Rarely crowded, Barley Cove beach is a great place for youngsters, with gorgeous stretches of golden sand and a safe bathing area where a stream flows down to the sea.
At the southern end of the peninsula, Mizen Head is Ireland’s most south-westerly point and the signal station and visitor centre there are well worth a visit.
Slightly away from the centre, visitors can take the famous 99 steps down the cliffs to see the former Keepers Quarters and its interpretive displays, as well as access the new Mizen arched bridge and cliff walks.
West Cork is also great for outdoor pursuits and Jim Kennedy of Atlantic Sea Kayaking (ASK) in Skibbereen offers guided half-day or full-day marine expeditions along the coast.

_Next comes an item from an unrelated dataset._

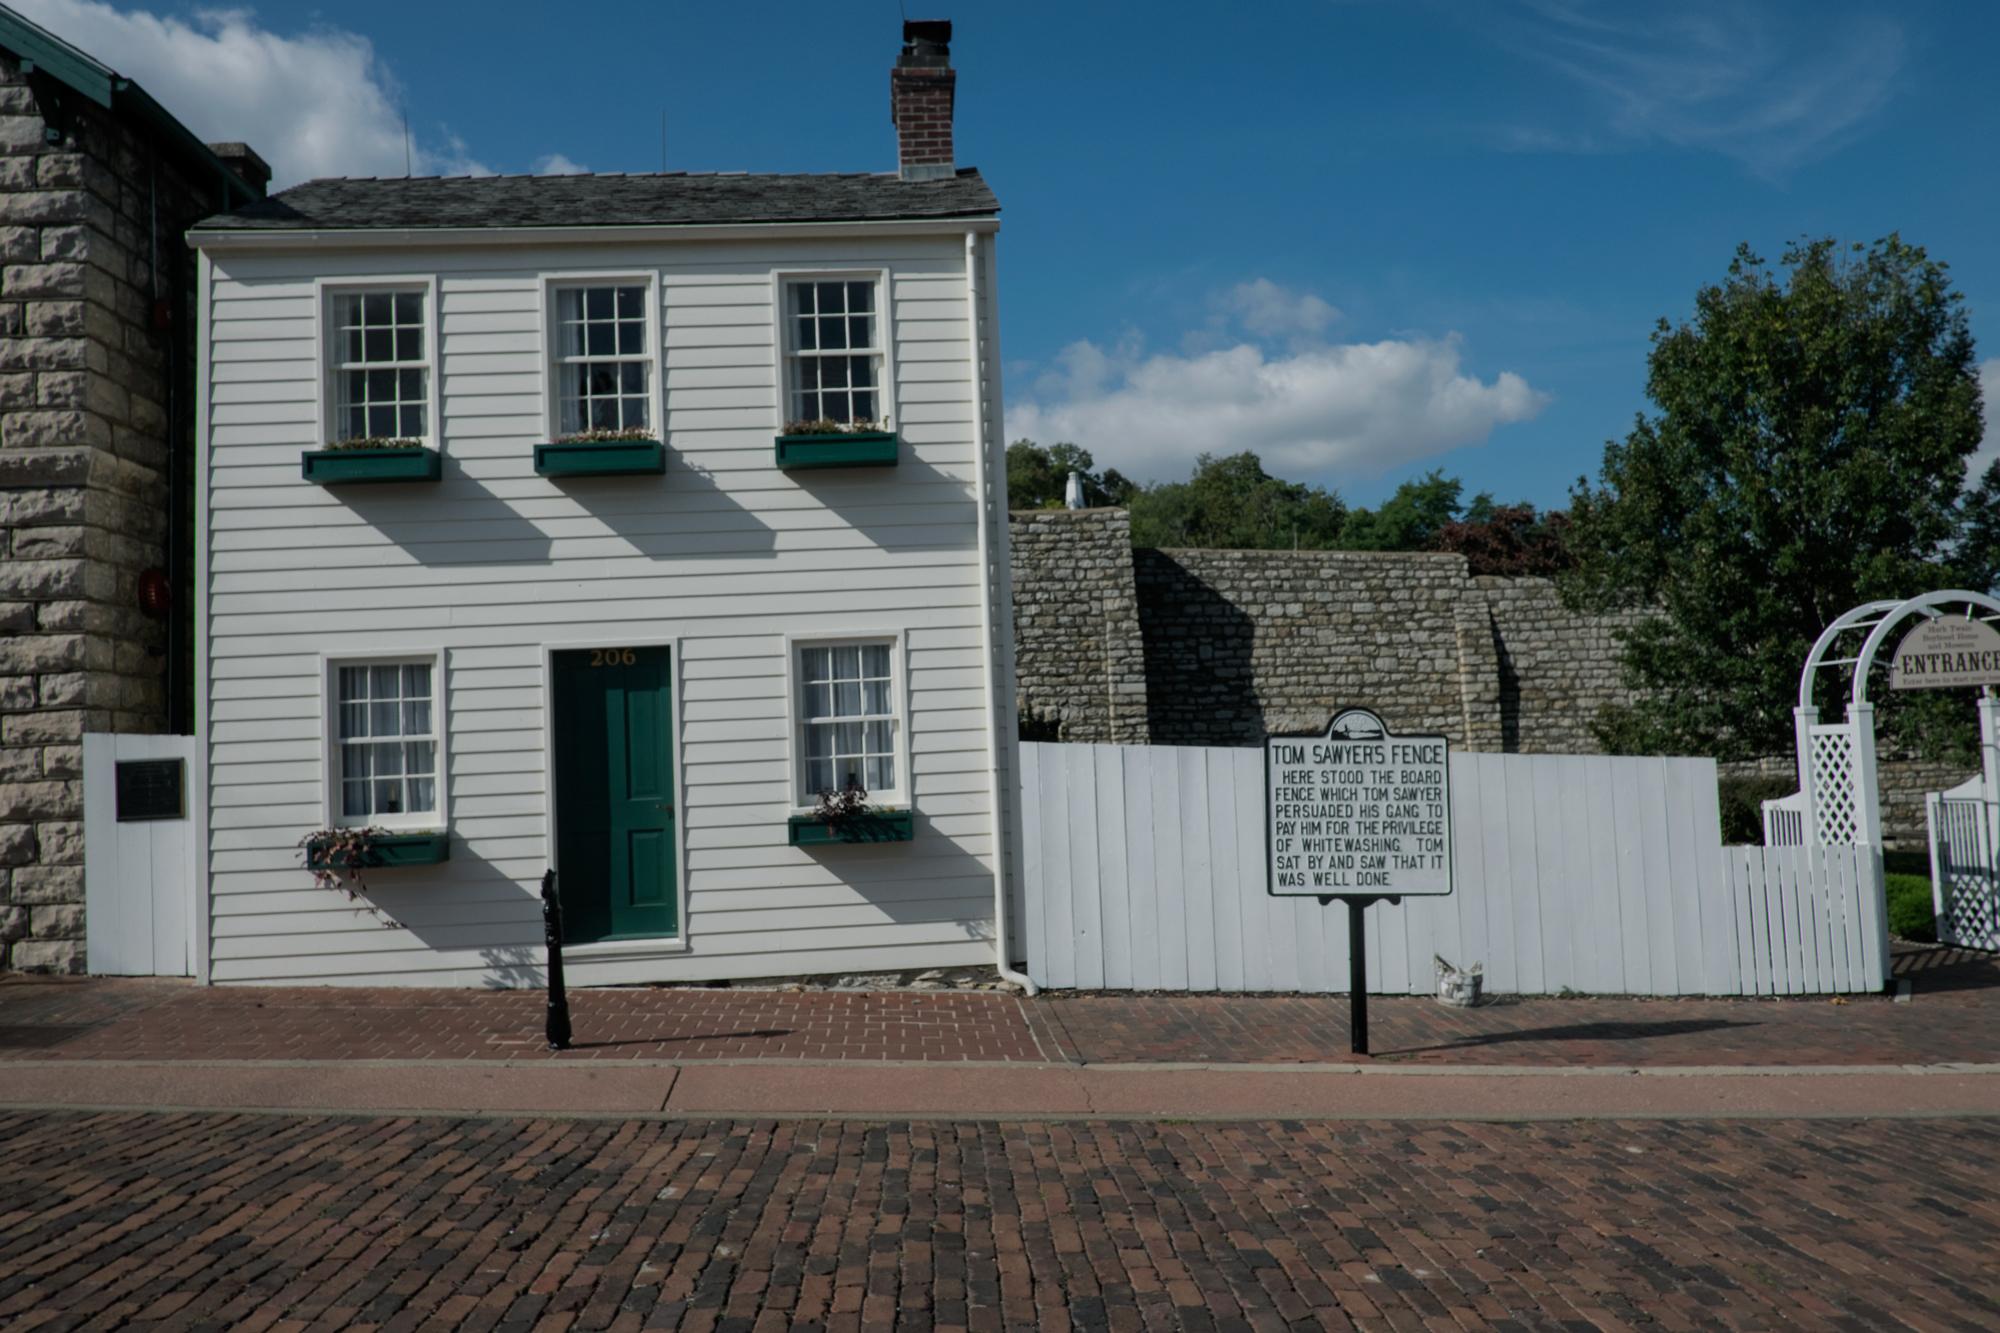 Mark Twain House and Museum, Hannibal, Missouri

After rainfall, the Ilen River upstream from Skibbereen often holds plentiful sea trout and salmon. Much of the fishing is controlled by the River Ilen Anglers Club who issue daily and weekly permits to visitors.

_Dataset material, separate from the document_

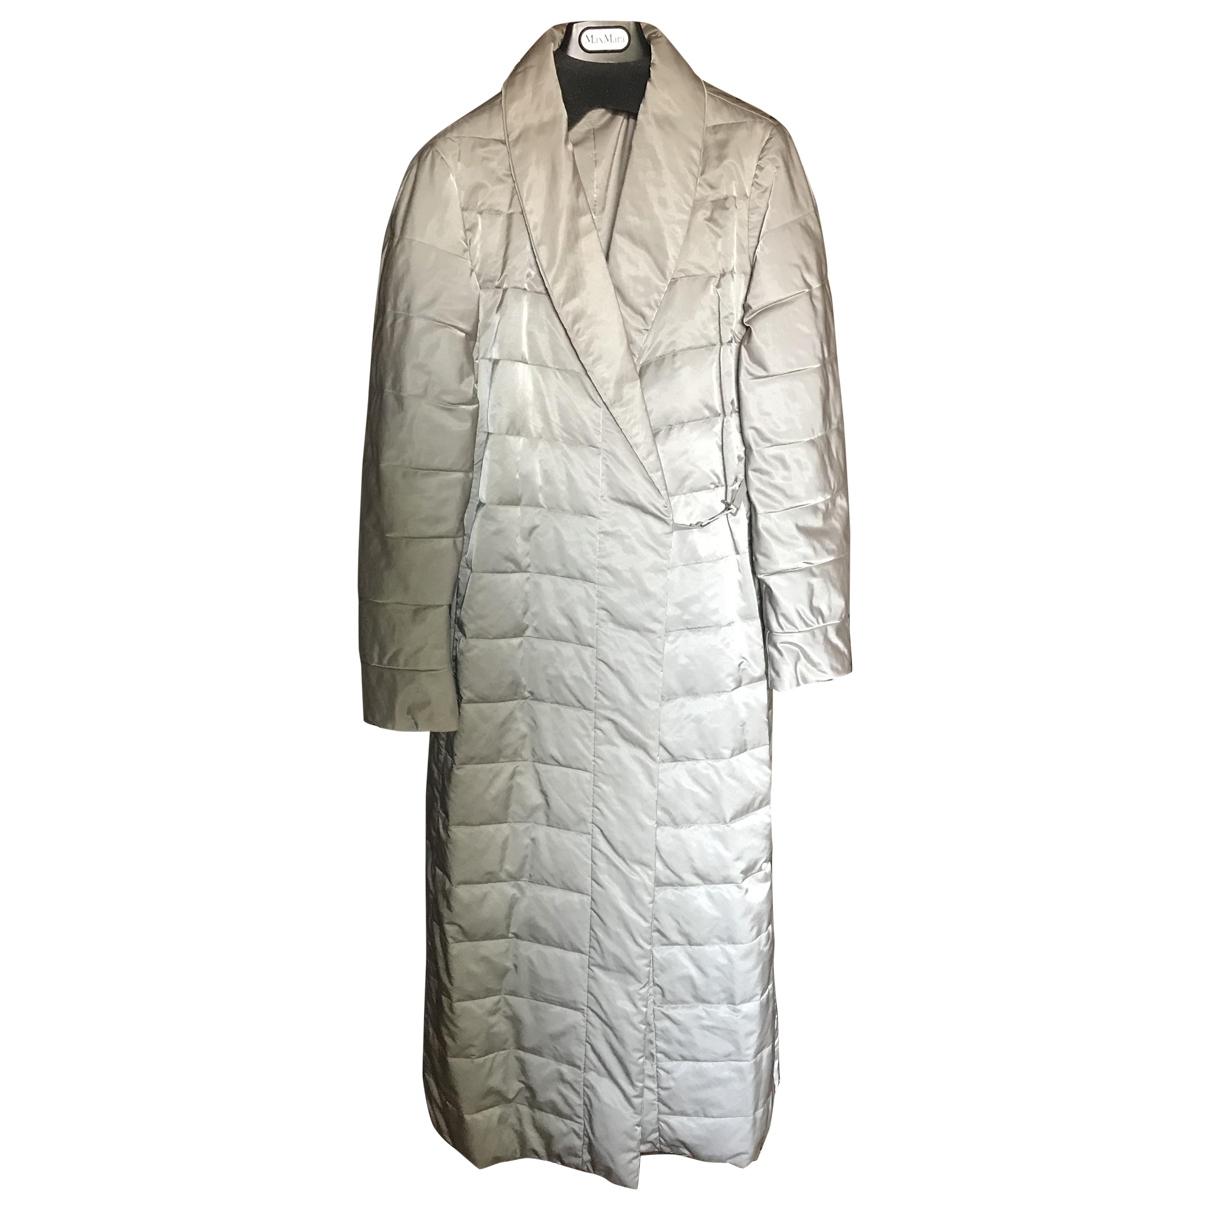 Max Mara 's \N Beige coat for Women 42 IT

The Ilen is a spate river, therefore runs of salmon, especially, are dependent on adequate water levels. You need rain and luck.
For golfers, there is the Skibbereen, and West Carberry, Glengarriff, and Bantry Bay courses.

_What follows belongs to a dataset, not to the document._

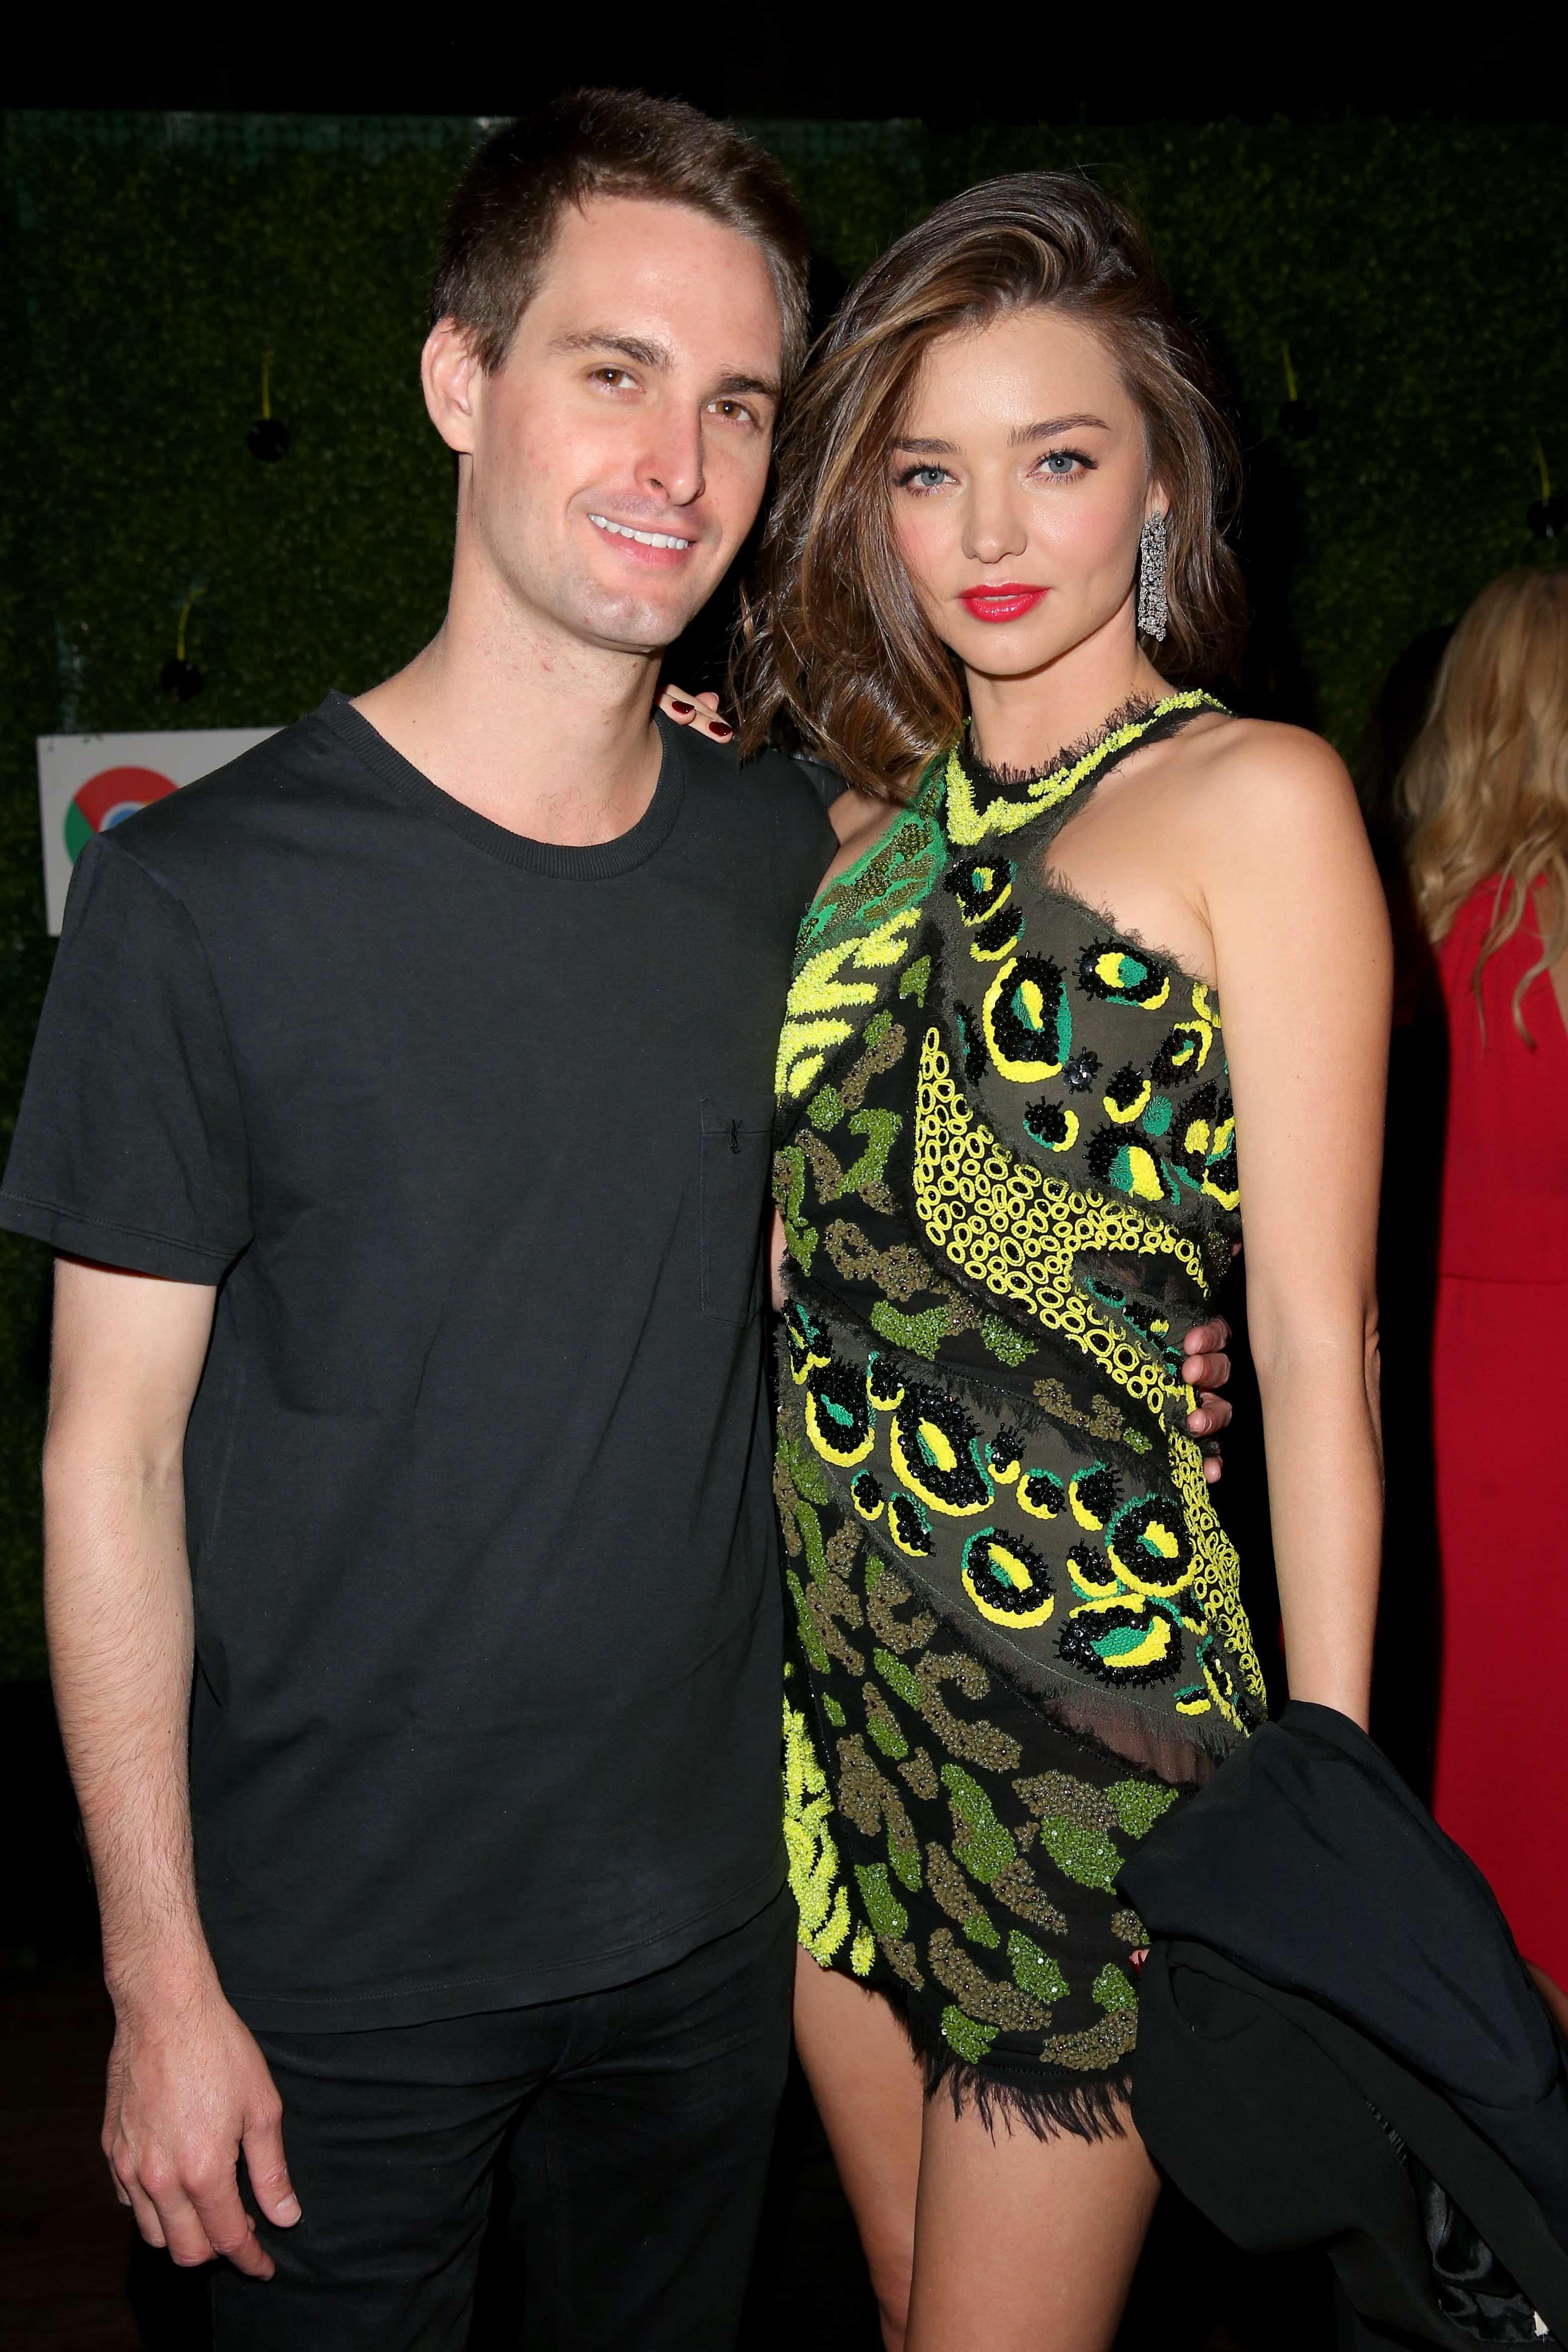 Evan Spiegel y la modelo Miranda Kerr

For those who prefer more leisurely pursuits, there are craft and art shops aplenty, from Courtyard Craft in Schull, with its ceramics, jewellery and knitwear, to Inspired Glass in Ballydehob, a small studio offering beautiful stained glass or fused glass products.
At Cronin’s Forge in Durrus, Carmel Cronin and her son Brian, a fourth generation blacksmith, have added artistic flair and an eye for design to the age-old craft.
Food and drink
The Blairs Cove House and Restaurant on Main Street in Durrus is a must stop for its local oysters alone and is recommended both by Georgina Campbell Guides and the Michelin Guide.
Levis Corner House, also on the Durrus Main Street, was named by John and Sally McKenna as Ireland’s Pub of the Year.
The Levis sisters, Julia and Nell, ran this 150-year-old bar and grocery for years and years, and now their grand-nephew Joe O’Leary has taken it over with his partner Caroline O’Donnell.
Budds restaurant on, yes, Main Street again offers a varied and interesting locally sourced menu, from local duck to hake and calamari. Further afield you have The Lobster Pot in Goleen and the Old Creamery in Kilcrohane.
During the 1960s and 1970s Ballydehob was a mecca for the weird and wonderful and, luckily, still remains so, which is evident in the number of artists, drawn here by the amazing local light – and life – craft producers, musicians, poets, actors, and food producers.
The yachting and creative crowd (often the same folk) have turned Schull into a buzzing little spot, also crammed with craft shops and art galleries.
What’s not to like
Some find Mizen remote – and even Cork City is almost two hours away.
It can get bitingly cold when the winds are up.